In short, this was all of my worst nightmares rolled into one. This was a gig. I downed a second bottle of Arctic beer and closed my eyes.

  “That was very nice,” said Henrik an hour later, after I had put my cello away and squeezed myself onto the bench next to him.

  “Really?”

  I felt almost high on adrenaline. Or maybe it was relief. Or maybe it was Arctic beer.

  “Yes, but you play for too long. You play for an hour. I say twenty minutes.”

  “Shit. Sorry.”

  “Now I must pay you more.”

  He put two more five-hundred-kroner notes down on the table.

  “You’ve already given me five hundred!”

  “Five hundred for twenty minutes. That was our deal.”
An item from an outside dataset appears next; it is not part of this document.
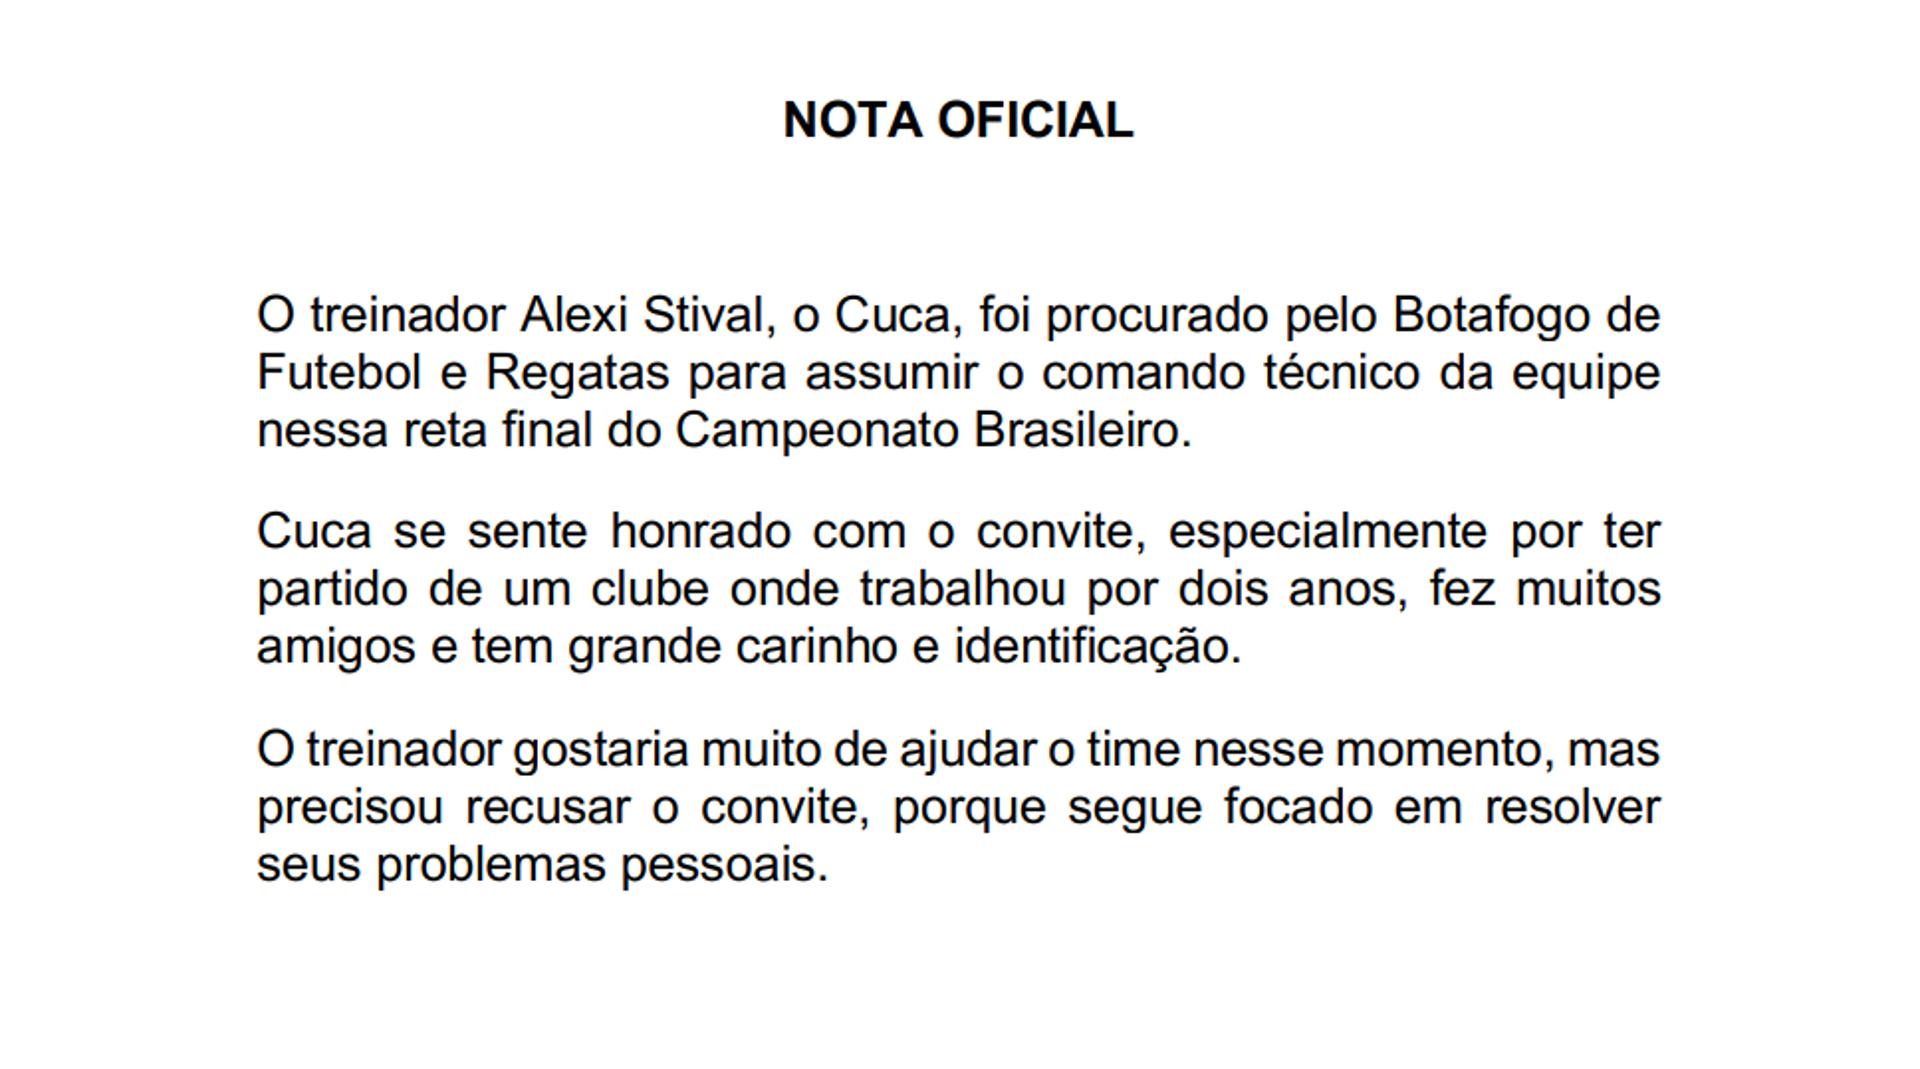 Nota Cuca sobre contato para treinar o Botafogo
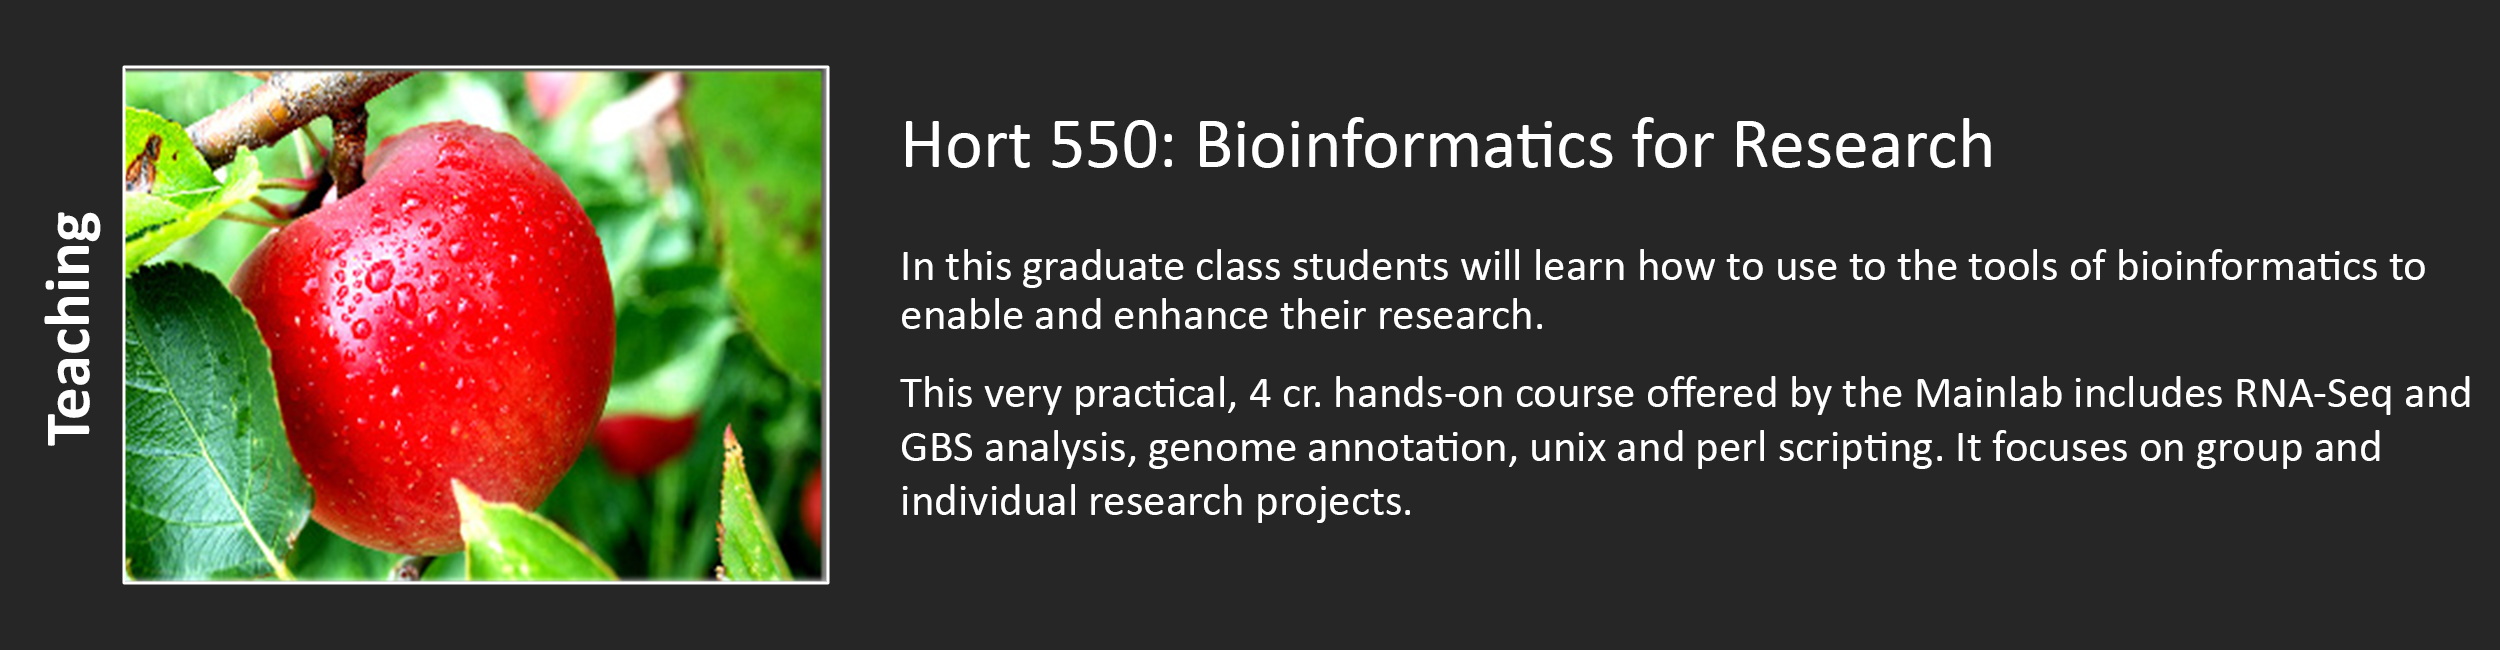 Hort 550 - Bioinformatics for Research

  He picked up the notes and tucked them into the pocket of my jeans himself. The equivalent of a hundred and fifty pounds. I tried not to notice his hand sliding over my stomach. The man on the other side of me introduced himself as Yoghurt.

  “Summertime and the living is heasy,” he warbled. “In winter we have underfloor heating in the streets, because otherwise we would die of cold.”

  “Crikey.”

  Yoghurt’s ancestors were Sami nomads.

  “You like the sunglasses?” said Henrik.

  I’d forgotten all about the sunglasses. No wonder it was so dark in there. I pushed them on to my head. Everything looked crap again. I reached for my latest bottle of Arctic beer.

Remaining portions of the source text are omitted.